Some have tried to emphasize the role that demand played. But there is simply no comparison to the 10 mmbpd demand destruction that occurred between 1979 and 1983 nor is this anything like the 2.6 mmbpd demand decline in 2008-2009.
This price collapse is simply different than the others. It more fundamental. The economy has been pushed beyond its limits.
Post-Financial Collapse monetary policies, the cumulative cost of nearly four decades of debt-financed growth, and the return of higher oil prices have exhausted the economy. Most debt is non-productive, interest rates cannot be increased, and 2016’s low oil prices are still one-third higher than in the 1990s (in 2016 dollars).
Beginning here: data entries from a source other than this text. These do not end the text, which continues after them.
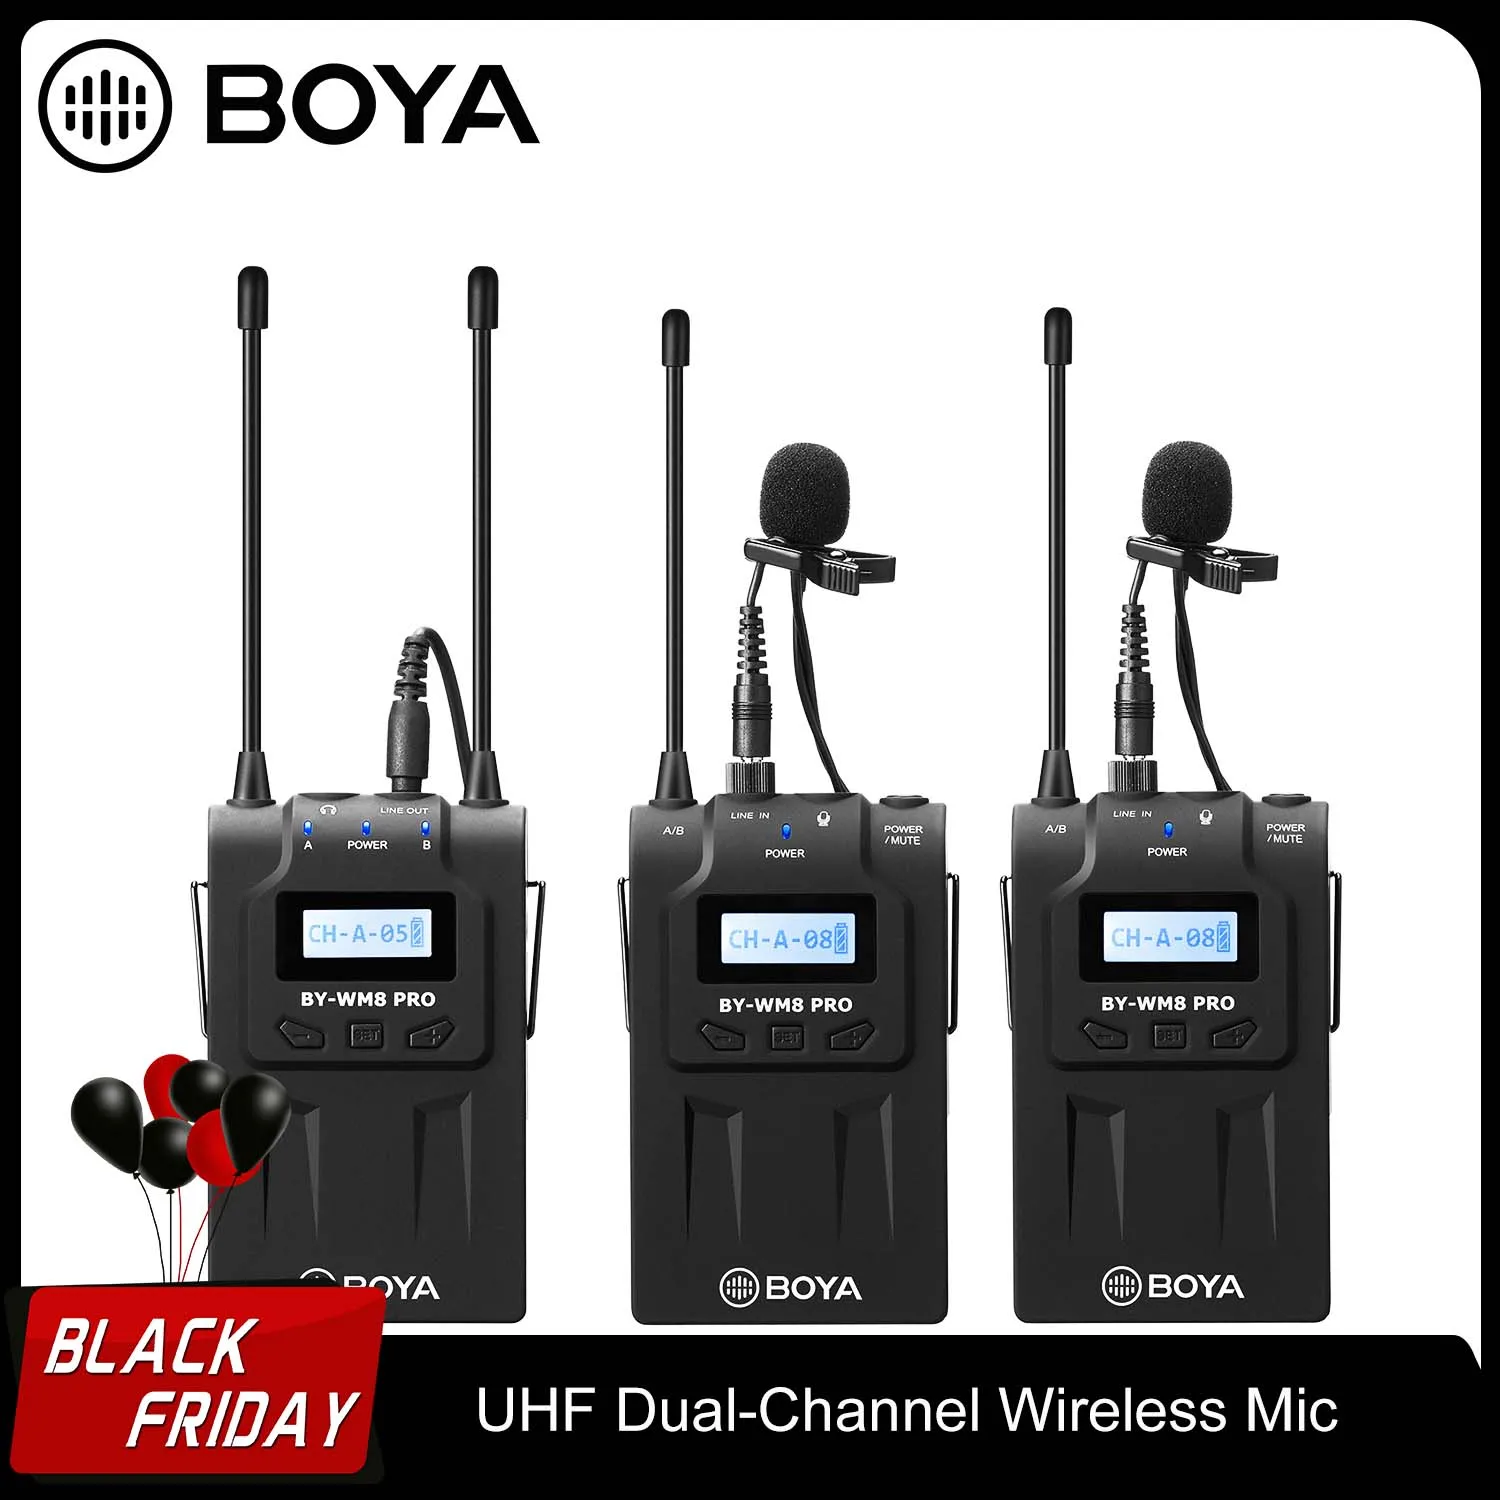 

BOYA BY-WM8 Pro K2 UHF Dual-Channel Wireless Microphone System for Cameras,Camcorders forfield recording,vlogging, YouTube video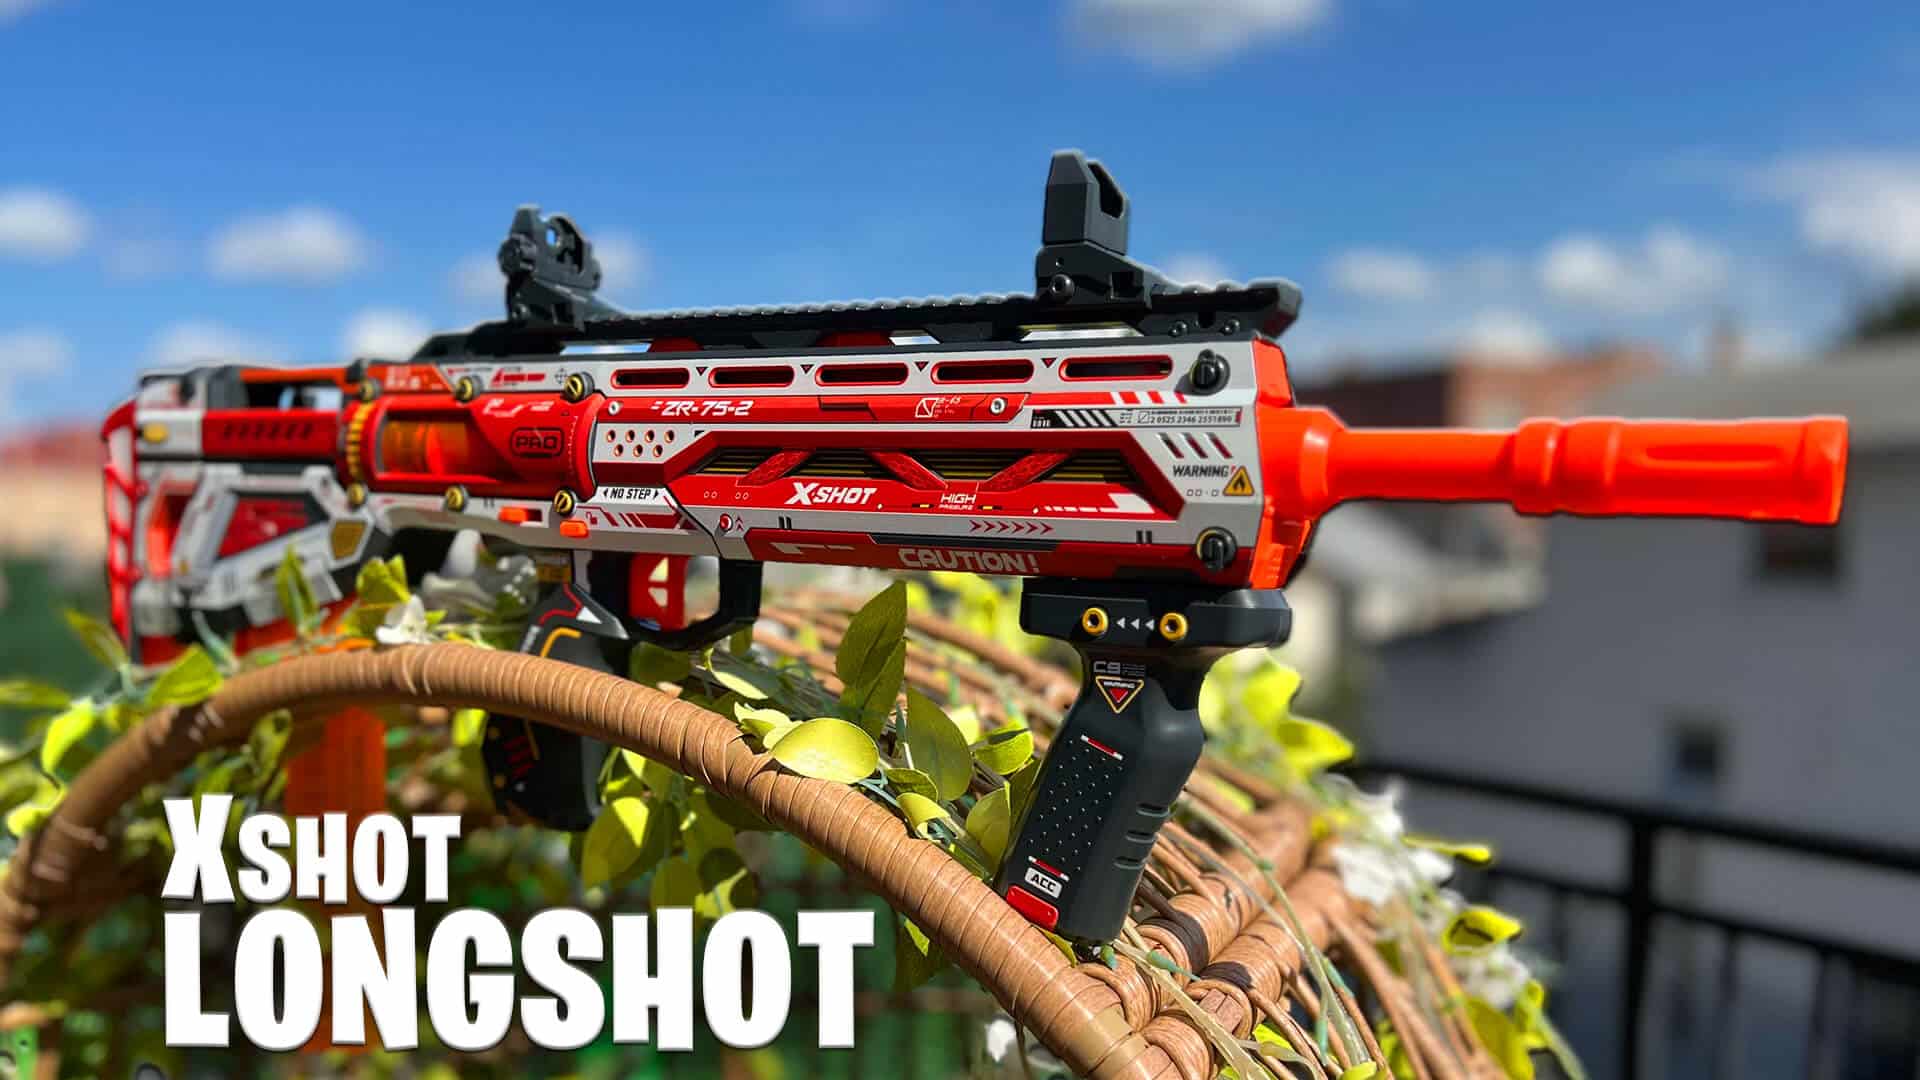 Zuru's X-Shot takes top spot in blasters and shooters through July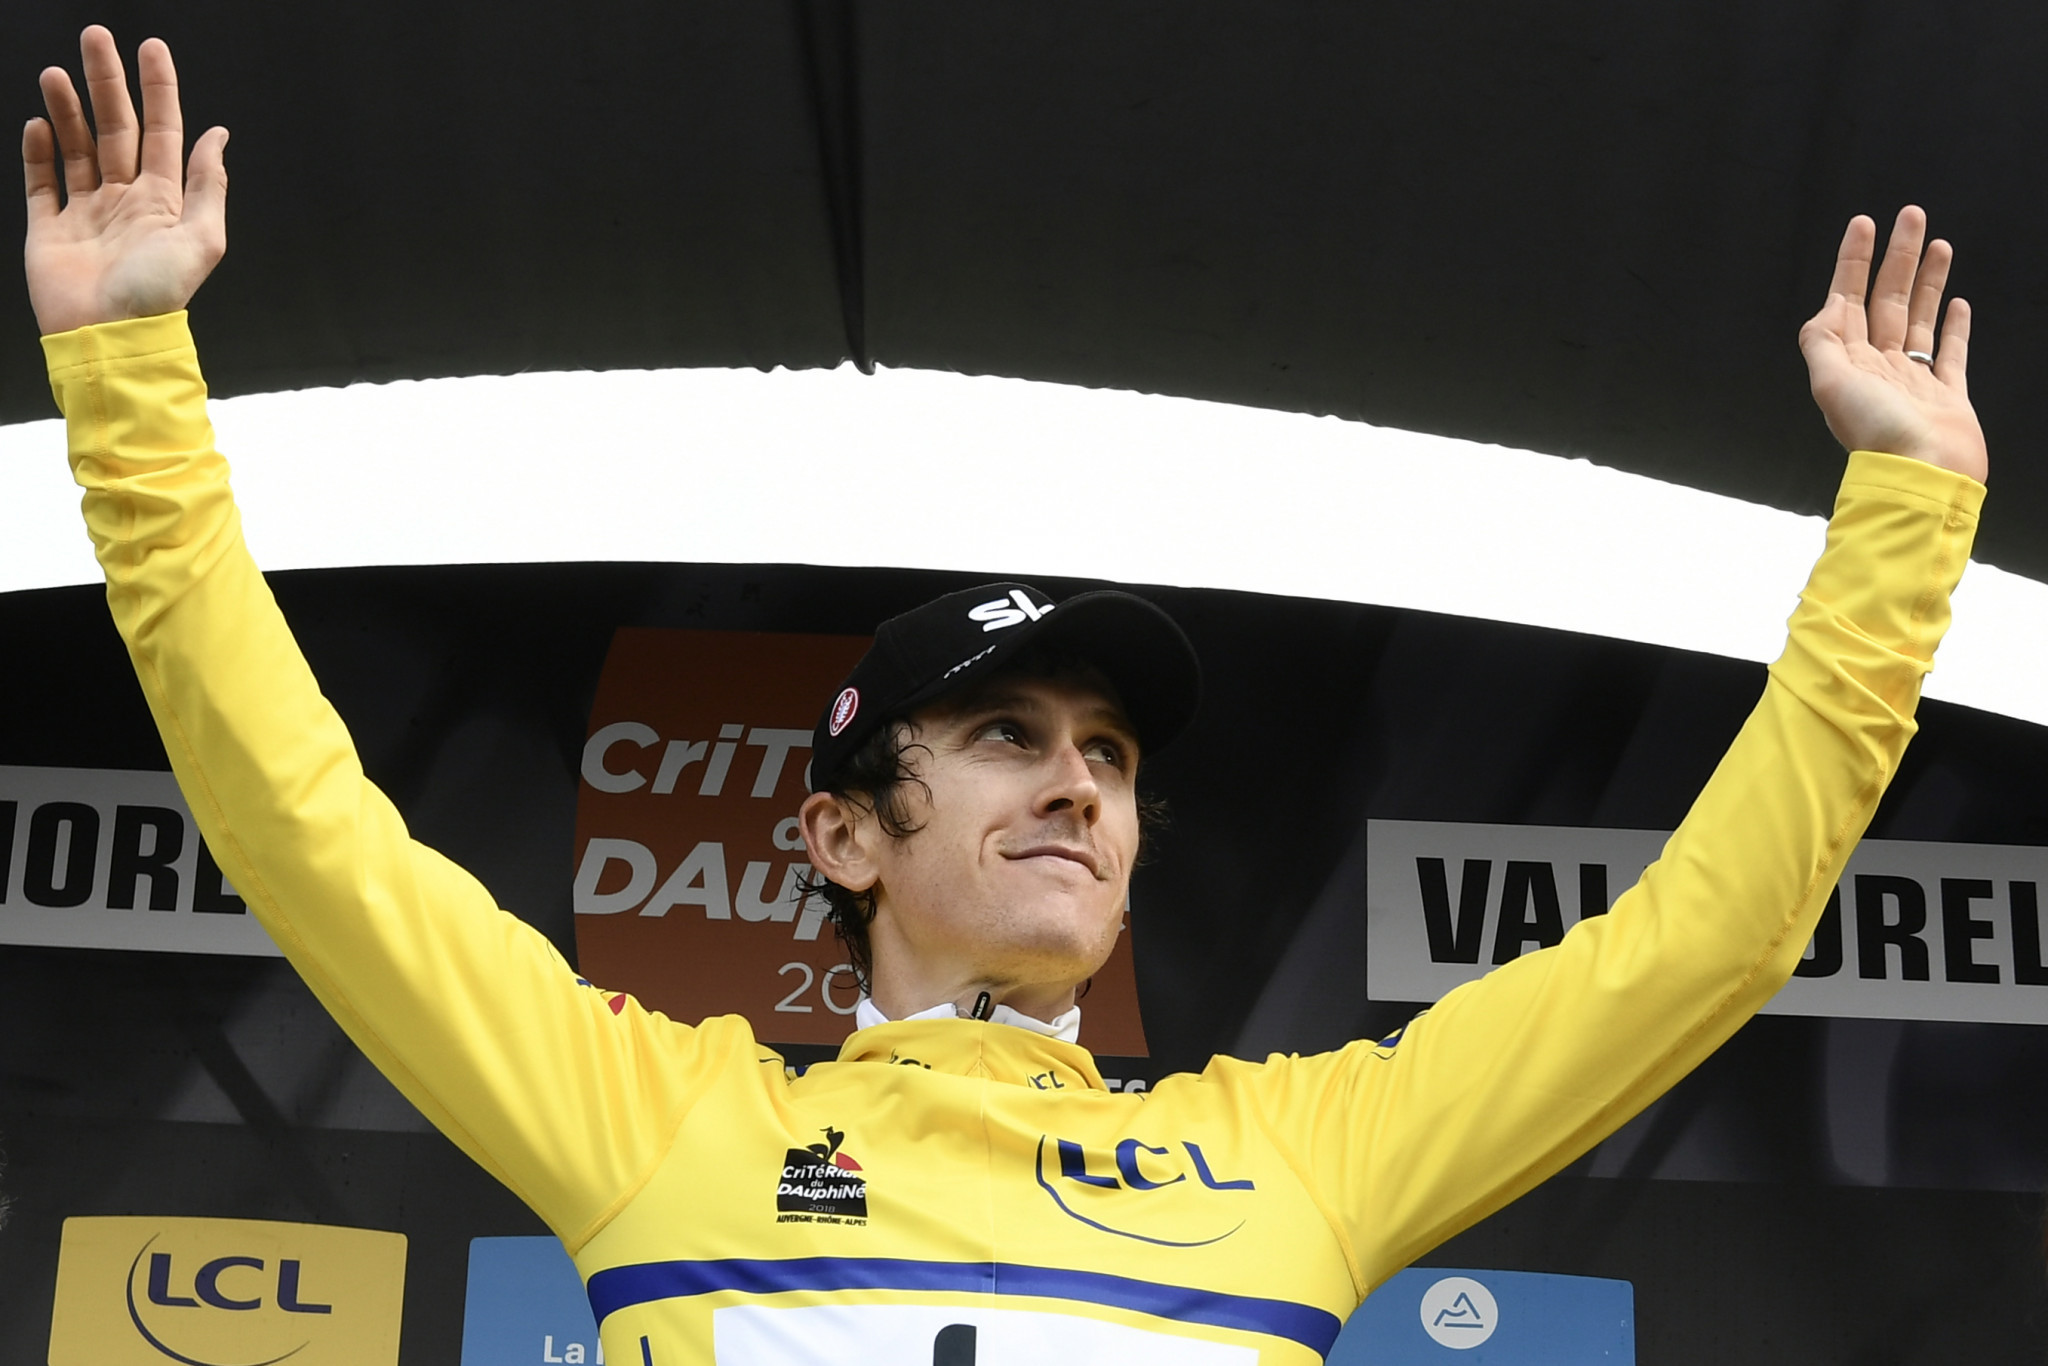 Geraint Thomas now holds the leader's yellow jersey ©Getty Images

Producers and oil-field service companies are on life support. One-third of U.S. oil companies are in default. Yet some analysts who have no experience working in the oil industry proclaim break-even prices below $40 per barrel and breathlessly predict that the business will come roaring back when prices exceed $50. Producers don’t help with outrageous claims of profitability at or below current oil prices that exclude costs and are not generally applicable to their portfolios.
As a result, the public and many policy makers believe that tight oil is a triumph of American ingenuity and that energy will be cheap and abundant going forward. The EIA forecasts that U.S. crude oil production will exceed the 1970 annual peak of 9.6 mmbpd by 2027 and that tight oil will account for almost 6 million barrels per day. Although I have great respect for EIA, these forecasts reflect a magical optimism based on what is technically possible rather than what is economically feasible.
Renewable energy will be increasingly part of the landscape but its enthusiasts are also magical thinkers.
In 2015, renewables accounted for only 3% of U.S. primary energy consumption. No matter the costs nor determination to convert from fossil to renewable energy, a transition of this magnitude is unlikely in less than decades.
Solar PV and wind provide much lower net energy than fossil fuels and have limited application for transport–the primary use of energy– without lengthy and costly equipment replacement. The daunting investment cost becomes critically problematic in a deteriorating economy. Although proponents of renewable energy point to falling costs, more than half of all solar panels used in the U.S. are from China where cheap manufacturing is financed by unsustainable debt.
It is telling that energy and its cost can hardly be found among the endless discussions about the economy and its failure to grow. Technology optimists have disparaged the existence of an energy problem since at least the 1950s. Neither unconventional oil nor renewable energy offer satisfactory, reasonably priced, timely solutions to the dilemma.
As political leaders and economic experts debate peripheral issues, the public understands that there is something horribly wrong in the world. It is increasingly difficult for most people to get by in a failing global economy. That is why there are political upheavals going on in Britain, the United States and elsewhere.
The oil industry is damaged and higher prices won’t fix it because the economy cannot bear them. It is unlikely that sustained prices will reach $70 in the next few years and possibly, ever.
The British exit from the European Union adds another element of risk for investors. Lack of investment will inevitably lead to lower production, supply deficits and price spikes. These will further damage the economy.
The future for oil prices and the global economy is frightening. I don’t know what beast slouches toward Bethlehem but I am willing to bet that it does not include growth. The best path forward is to face the beast. Acknowledge the problem, stop looking for improbable solutions that allow us live like energy is still cheap, and find ways to live better with less.
*J.K. Galbraith, 2014, The End of Normal, p.54. Much of the economic interpretation in this post is based on Galbraith’s work.
**J.K. Galbraith, 2014, The End of Normal, p.57.